Introducing “Think in Games”: Tencent’s Innovative AI Training Framework
Tencent researchers have unveiled a groundbreaking approach to AI training named “Think in Games” (TiG), designed to enhance strategic reasoning in artificial intelligence models. This novel framework leverages the complex multiplayer environment of the popular game Honor of Kings to cultivate advanced decision-making skills in AI systems.
Strategic Reasoning Through Multiplayer Gaming
By utilizing gameplay data from Honor of Kings, the TiG framework integrates supervised learning with reinforcement learning, augmented by a method called Group Relative Policy Optimization (GRPO). This hybrid training approach enables AI models to develop nuanced strategic thinking, mimicking human-like reasoning in competitive scenarios.
Smaller Models Surpassing Larger Counterparts
Remarkably, the study revealed that under specific training conditions, more compact language models can outperform their larger counterparts.

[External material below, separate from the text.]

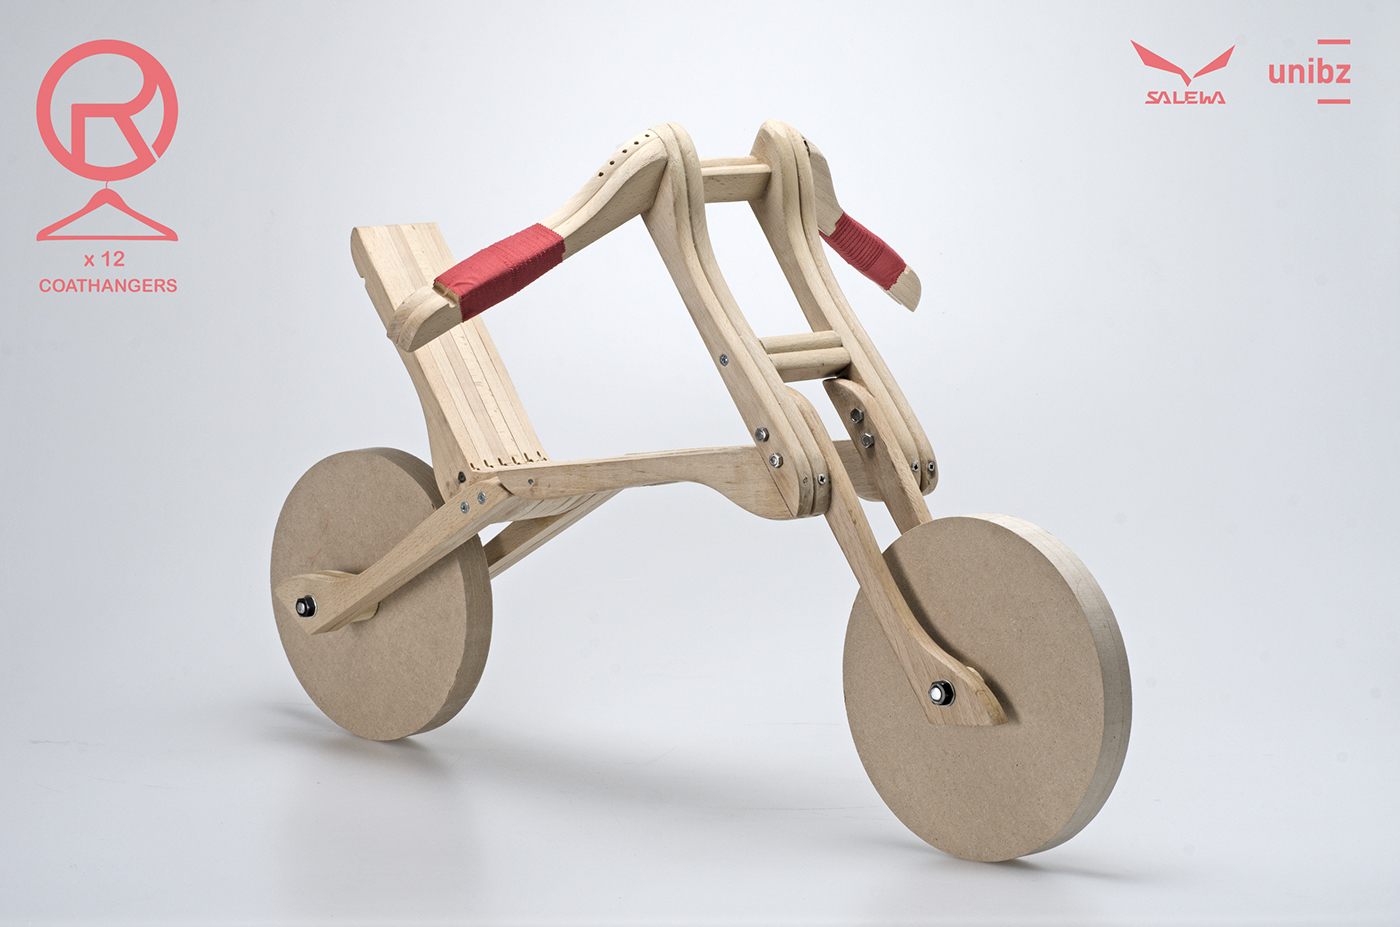 Bike toy kid children peru auction University euro red wood upcyling coathangers

For instance, Tencent’s Qwen3-14B model achieved an impressive 90.9% accuracy in decision-making after just 2,000 training iterations, surpassing Deepseek R1’s 86.7% performance. This finding challenges the conventional assumption that bigger models always yield better results, highlighting the efficiency of the TiG framework.
Broader Implications Beyond Gaming
Beyond enhancing gameplay capabilities, the TiG framework also promotes explainable AI reasoning, a critical factor for transparency and trust in AI applications. The researchers suggest that this approach holds promise for diverse fields such as autonomous systems, strategic planning, and complex problem-solving tasks where clear rationale behind decisions is essential.
Future Prospects and Industry Impact
As AI continues to evolve, frameworks like TiG represent a significant step toward more intelligent and interpretable models. With the global gaming market projected to exceed $250 billion by 2025, integrating AI that can learn and reason through games offers exciting opportunities for both entertainment and practical AI deployment.